King Family Endows ACLS Fellowship Focused on Ancient American Art and Culture
Published: April 4, 2024
ACLS is pleased to announce that Heidi and Tim King have committed $1.5 million to endow the ACLS H. and T. King Fellowship in Ancient American Art and Culture. The Kings worked with ACLS to launch the fellowship in 2019, which recognizes promising early-career scholars pursuing research on the art and architecture of pre-contact societies in the Americas. Their generous endowment will support scholars working in these fields for decades to come.
The fellowship, which is awarded each year as part of the ACLS Fellowship Program, has supported five emerging scholars thus far, including the newly announced 2024 ACLS King Fellow Catherine H. Popovici. An art historian and Austen-Stokes Postdoctoral Fellow at Johns Hopkins University, Popovici was selected for her project “Variable Atmospheres: Experiencing the Copán Valley Stelae.”
Based on more than 30 years of experience working with Indigenous art and artifacts at the Metropolitan Museum of Art, Heidi King saw a need for more advanced research to increase understanding and appreciation of the contributions and achievements made by early inhabitants of the Americas. The Kings hope to significantly influence conversations that miscast societies outside Euro-descended traditions as “stone-age cultures,” which has traditionally been driven by Eurocentric thinking. This objective resonates with many of the ACLS King Fellows and their research topics, which cover a diverse range of cultures and geographic areas.
“I was drawn to the ACLS H. and T. King Fellowship in Ancient American Art and Culture because of its special dedication to supporting early-career scholars working to forward our understanding of the art and culture of the Ancient Americas,” said Allison Caplan, 2022 ACLS King Fellow and Assistant Professor of the History of Art at Yale University. “These goals aligned well with my own project, which focuses on the art of the Aztec Empire in a way that foregrounds Indigenous voices, by using sources written in the Nahuatl language that provide insight into Nahua aesthetics and understandings of the process of making art.”
These goals aligned well with my own project, which focuses on the art of the Aztec Empire in a way that foregrounds Indigenous voices, by using sources written in the Nahuatl language that provide insight into Nahua aesthetics and understandings of the process of making art.
Allison Caplan F’22
Photo by Patrycja Przadka
Franco D. Rossi, 2021 ACLS King Fellow and Lecturer at the Massachusetts Institute of Technology, used his fellowship to continue his research on an ancient school at the Maya archaeological site of Xultun in Guatemala.
“By putting material culture and art history in dialogue with anthropological theory, my work examines how ancient schools were intimately involved in the crafting and transmission of specialized expertise across time,” Rossi explained. “After over twenty years of data collection in Guatemala, our project has assembled a great deal of information about the intricate political ecologies of education and statecraft in this milieu, and I am delighted to have an opportunity to share this work more broadly with many other communities and thinkers through the planned book manuscript.”
Currently in her fellowship year, Stephanie M. Strauss F’23 has delved into her interdisciplinary project, which draws on anthropology, art history, and linguistics. Her research explores the invention, display, and design of hieroglyphic texts and narrative art in early Mesoamerica, a project that has never been tackled by a single Mesoamericanist in one cohesive manuscript.
The ACLS H. and T. King Fellowship is the only award that could have given me the time needed to complete this fine-grained research and to organize my findings into a well-drafted book manuscript.
Stephanie M. Strauss F’23
“The ACLS H. and T. King Fellowship is the only award that could have given me the time needed to complete this fine-grained research and to organize my findings into a well-drafted book manuscript,” said Strauss. “It preserved my time and focused my attention at a critical point in my scholarly career, as I sought to bring my first postdoctoral project from conceptualization to concretization.”

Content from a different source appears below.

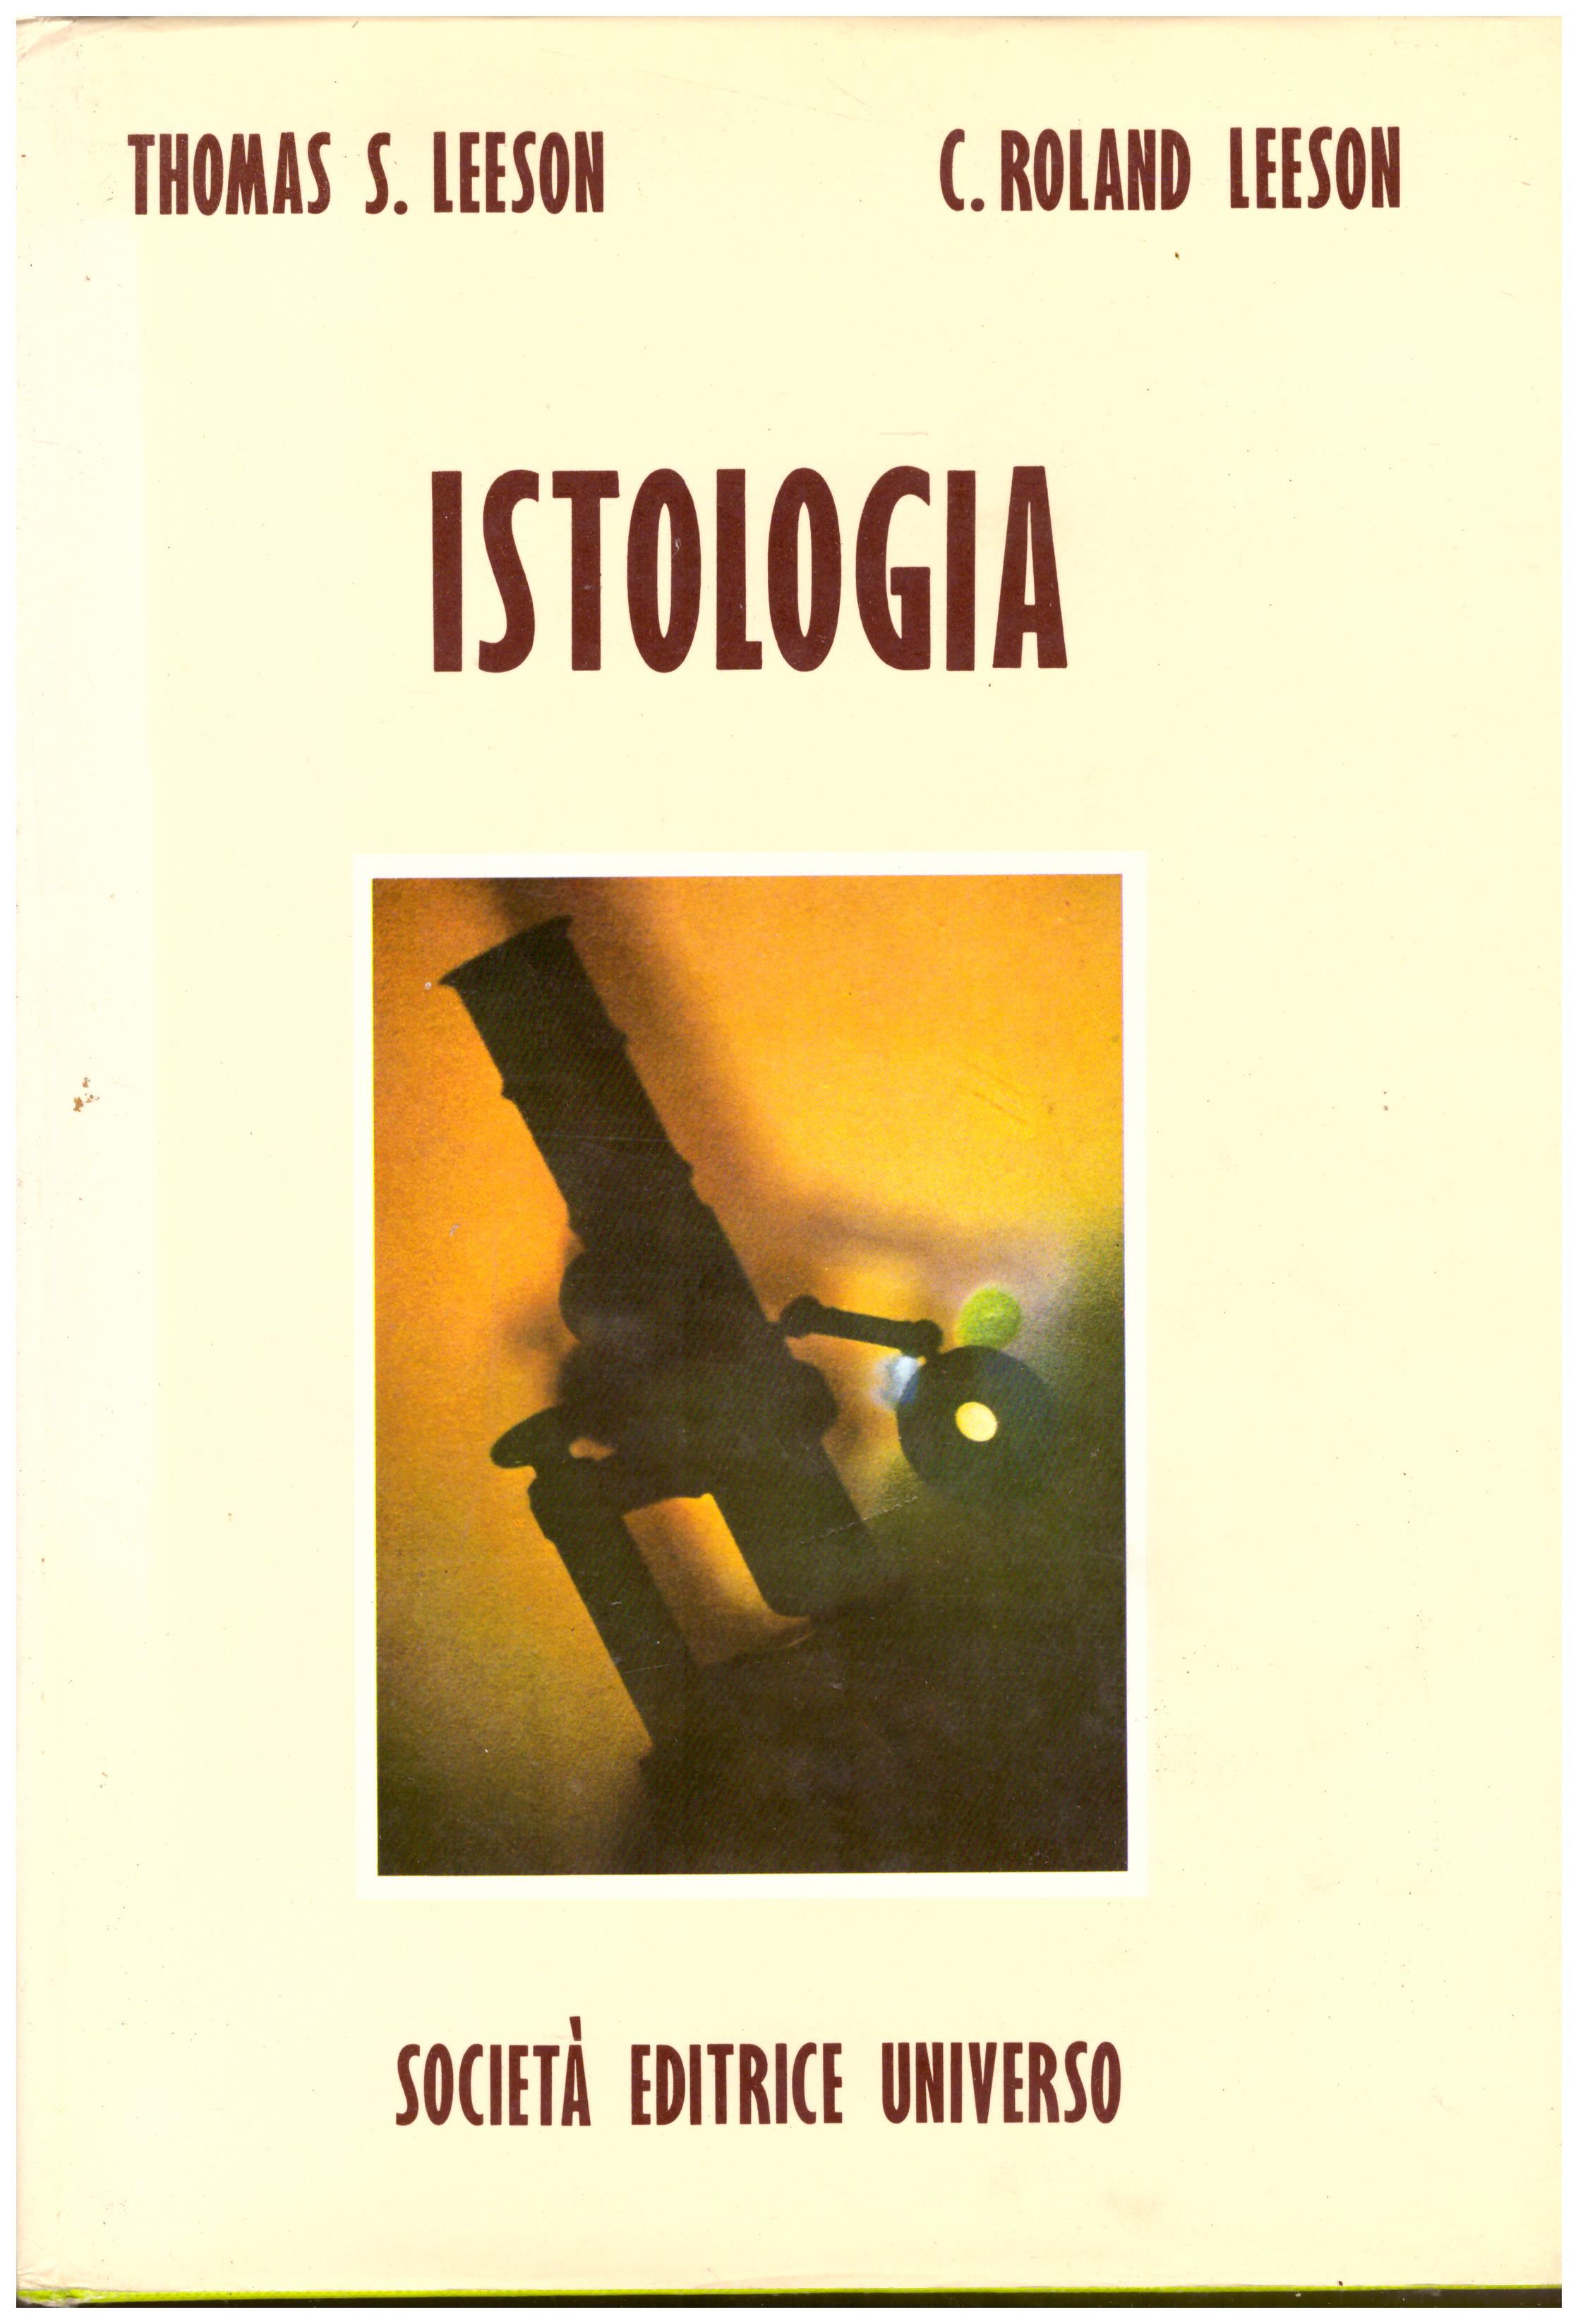 Titolo: Istologia Autore: Thomas S. Leeson, C. Rolad Leeson Editore: società editrice universo, 1974

As part of the ACLS Fellowship Program, the ACLS H. and T. King Fellowship in Ancient American Art and Culture comes with a stipend of $30,000 to $60,000 for six to twelve months of research and writing, as well as additional funds for scholars who do not hold tenure track appointments. Applications will open in July 2024. Scholars who are pursuing research on the art and architecture of pre-contact societies in the Americas, as well as the anthropology, archaeology, epigraphy, and historical accounts related to their visual culture, are encouraged to apply.
Franco D. Rossi, Austen-Stokes Postdoctoral Fellow in the Art of the Ancient Americas at Johns Hopkins University, is one of two inaugural recipients of the ACLS H. and T. King Fellowship in Ancient American Art and Culture.